The Common Seal is required to issue a special deed called Deed. The company name is engraved on the inside of the iron tool, and it is printed by tightening the gold / red sticker and paper. By issuing a Deed, it is possible to maintain not only the rights of the contracting parties but also the contingency (I will explain at another time).


When the corporation is established, I ask a printing shop to create a green box, but it is inside the green box. If you need it, you can buy it at Ma Wah Lane in Sheung Wan.

Banks and financial institutions

For security reasons, some corporations may register a company chop (Square Chop) and a signature to prevent deposits and withdrawals without two requirements. However, if you have not registered, Company Chop is not required for banking transactions.
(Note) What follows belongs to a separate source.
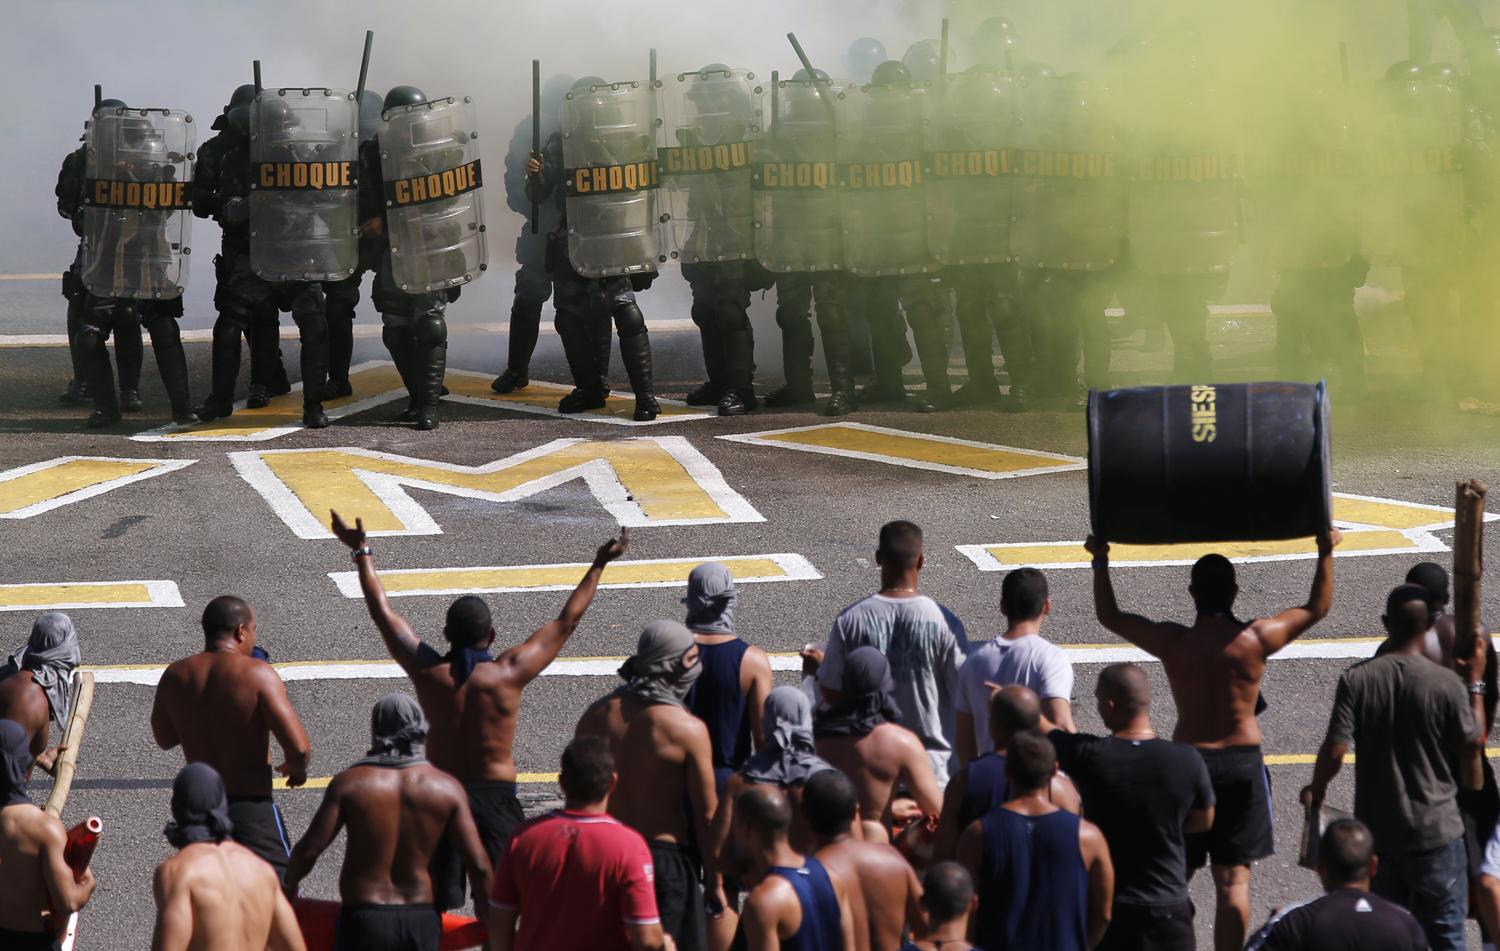 A rendőrség ál-tüntetőkkel edz a világbajnokságra

However, please note that even in financial transactions, a company chop is required for pension (MPF) related notification forms.

HK Companies Registry – Protection of Personal Information

In the Circular issued by the Hong Kong Companies Registry on 16 August 2021, in order to strengthen the protection of personal information, in case the director or company secretary who is a natural person, he or she may choose not to disclose the Hong Kong ID (or passport) or residential address.
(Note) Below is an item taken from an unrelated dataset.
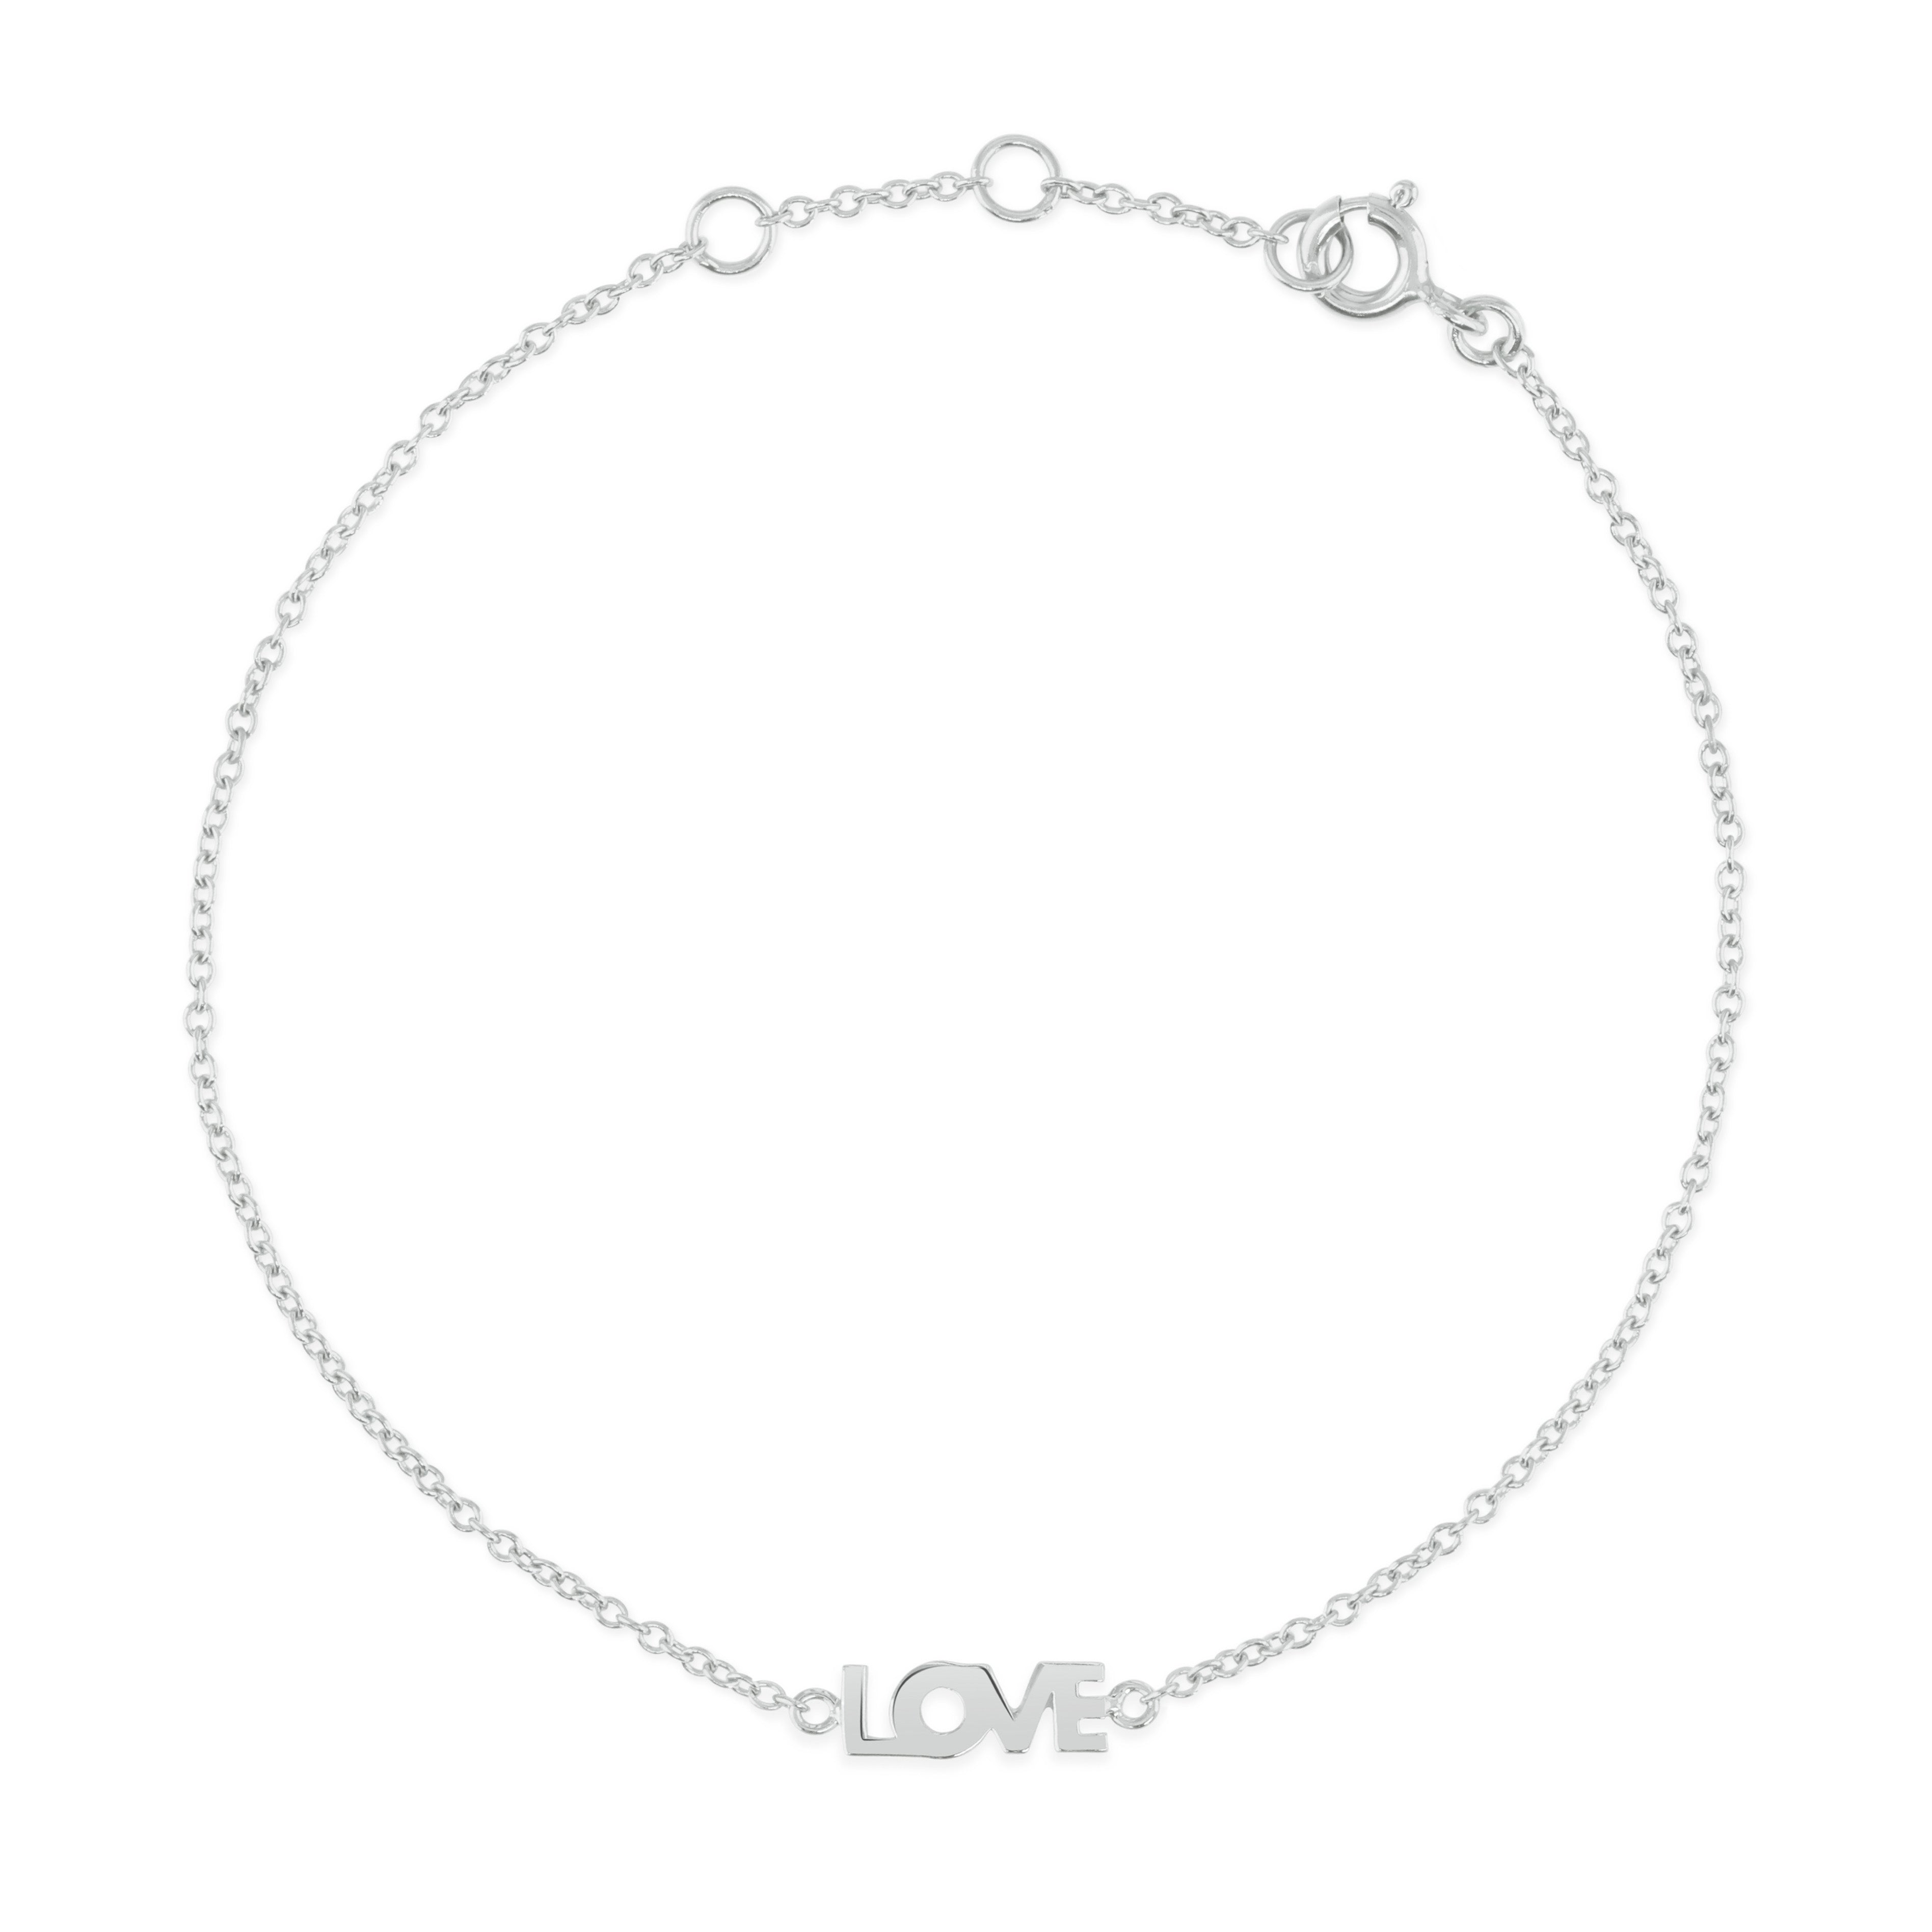 Silver Rachel Stevens Love Bracelet

There will three phases to implement this new measures:

Phase 1 23 August 2021
Phase 2 24 October 2022
Phase 3 27 December 2023

After 23 August 2021 (i.e. Phase I), if you choose not to withhold disclosure of your Hong Kong ID, you will only need to include the first four letters of the Hong Kong ID or Passport. If you choose to withhold disclosure of your residential address, you may enter the registered address of the company it relates to director or company secretary.

However, as a condition for this new measure, the information must be strictly managed by the corporation, so it may be possible for police authorities to enter the subject of a money laundering investigation in the future. In addition, we cannot deny the possibility that an on-site inspection will be conducted on the corporation in order to confirm that it is being properly stored in the future.

When Phase 2 commences, it is possible to reserve the information itself instead of retaining the information. Instead, the legal entity will submit the information to the Companies Registry.

When Phase 3 starts, the owner of personal information can withhold disclosure by notifying the Companies Registry.

However, it is not clear how will financial institutions may verify their identities when information disclosure is withheld. Principals, agents, shareholders, trustees (bankrupt companies), investigative authorities, lawyers, certified accountants, and financial institutions can access the information by applying to the Companies Registry.

Notwithstanding the above, the names and addresses of shareholders will be stated in the annual report NAR1).

What is a Company Secretary?

In common-law corporate settings, in addition to shareholders and directors, there is a position called Company Secretary. Although the Company Secretary is not directly involved in management decisions, it is a core position that oversees back office operations in company management.

The general duties of a company secretary are:

  • Convening, holding, and proceeding with the Board of Directors (Board of Directors) or the General Meeting of Shareholders (Council)
  • Preparation and management of minutes and approval documents
  • Contact work with external experts regarding the creation and submission of registries
  • Accounting book preparation Contact work with accounting auditors, preparation and submission of tax documents Contact work with tax accountant
  • Creating a company manual
  • Compliance support (including anti-maneron and identity verification work)
  • Management of various legal documents
  • Providing meeting arrangements and interpreting services to management as needed
  • Other operations required by management in company management ・

The advantage is that the company secretary can supervises the clerical work, shareholders and directors can focus on essential part of the company management. In fact, appointing a company secretary may be statutory requirement in some jurisdictions. Due to the complexity that it requires, Company Secretaries tend to be lawyers and accounting professionals.